Dec

05

Mindswap

Posted by : atcampbell | On : December 5, 2006

Mindswap by Robert Sheckley

Nine people assembled at Charles and Willie’s home to discuss this recently-reissued classic. Also, one person submitted comments by email and another participated via telephone. Mindswap depicts a future where humans and aliens can explore each other’s worlds by swapping minds between bodies. The story follows a man whose extraterrestrial vacation goes terribly wrong, forcing him to undergo a series of mindswaps with strange aliens in strange environments. Most of us had read Sheckley before, and all had finished this book.
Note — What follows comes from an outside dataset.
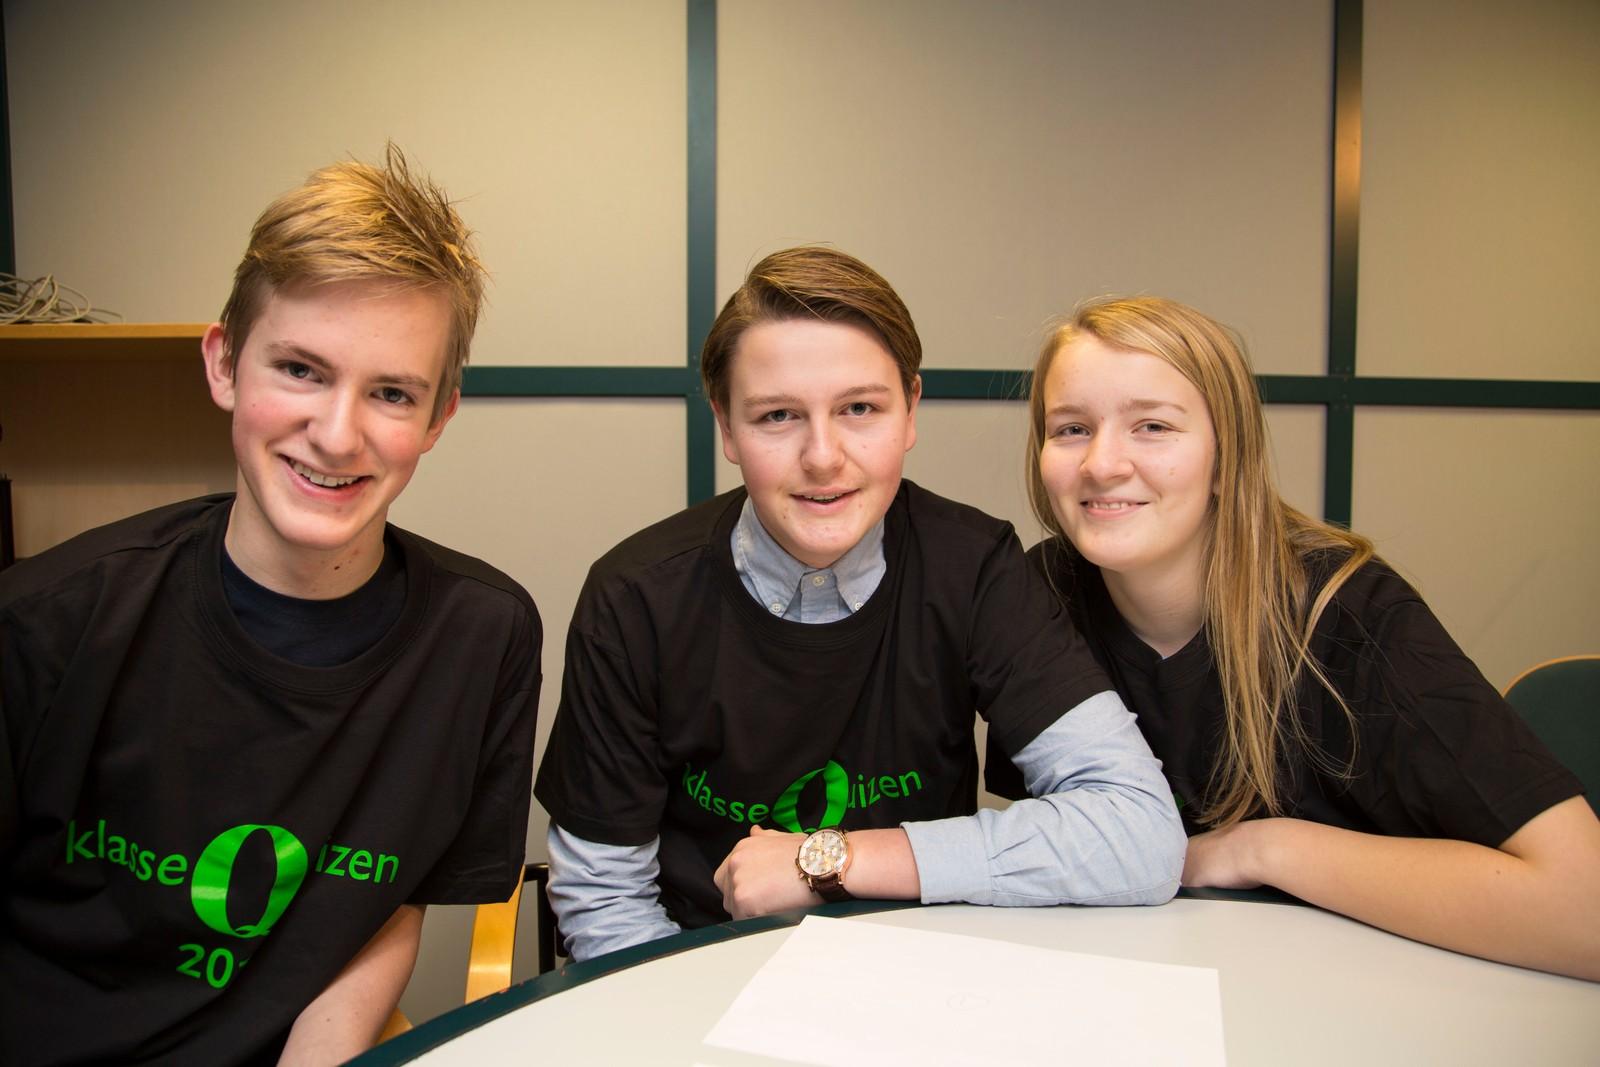 10 POENG: Gautesete skole var først ut i Klassequizen i Rogaland: Even Harboe, Elias Nilsen og Eva Melberg.

Several of us found this book to be a lot of fun. The prose style was easy to read. We liked how the increasingly more surreal mindswaps were explained as “cognitive dissonances.” The elements of Westerns, detective stories, and swashbuckling literature worked well. References to classics like Don Quixote and Candide were well integrated into the story. We appreciated the parodies of yippie and hippie metaphysics, complete with rambling mathematics. Some people said that reading this novel was like an acid trip. This novel was perhaps the shortest book our group has discussed, but we felt the author told the story completely and efficiently.

A couple of people expected a more classic golden age science fiction adventure from the book’s beginning, and were disappointed at the direction the novel took. This contingent felt that after the first couple of mindswaps, there was such a disconnect in story and style that they thought pages from another book had been glued in by mistake.

A few who’d read this book upon it original publication in the Sixties felt that this book felt a little dated. They felt that the concepts did not seem as mind-blowing as before, and the jokes were not as funny.

Overall we felt this was an interesting book and we had a fun discussion. At the end of the meeting, we picked new books for the reading schedule through April 2007. After the meeting, we had a nice dinner at Hyde Park Grill South.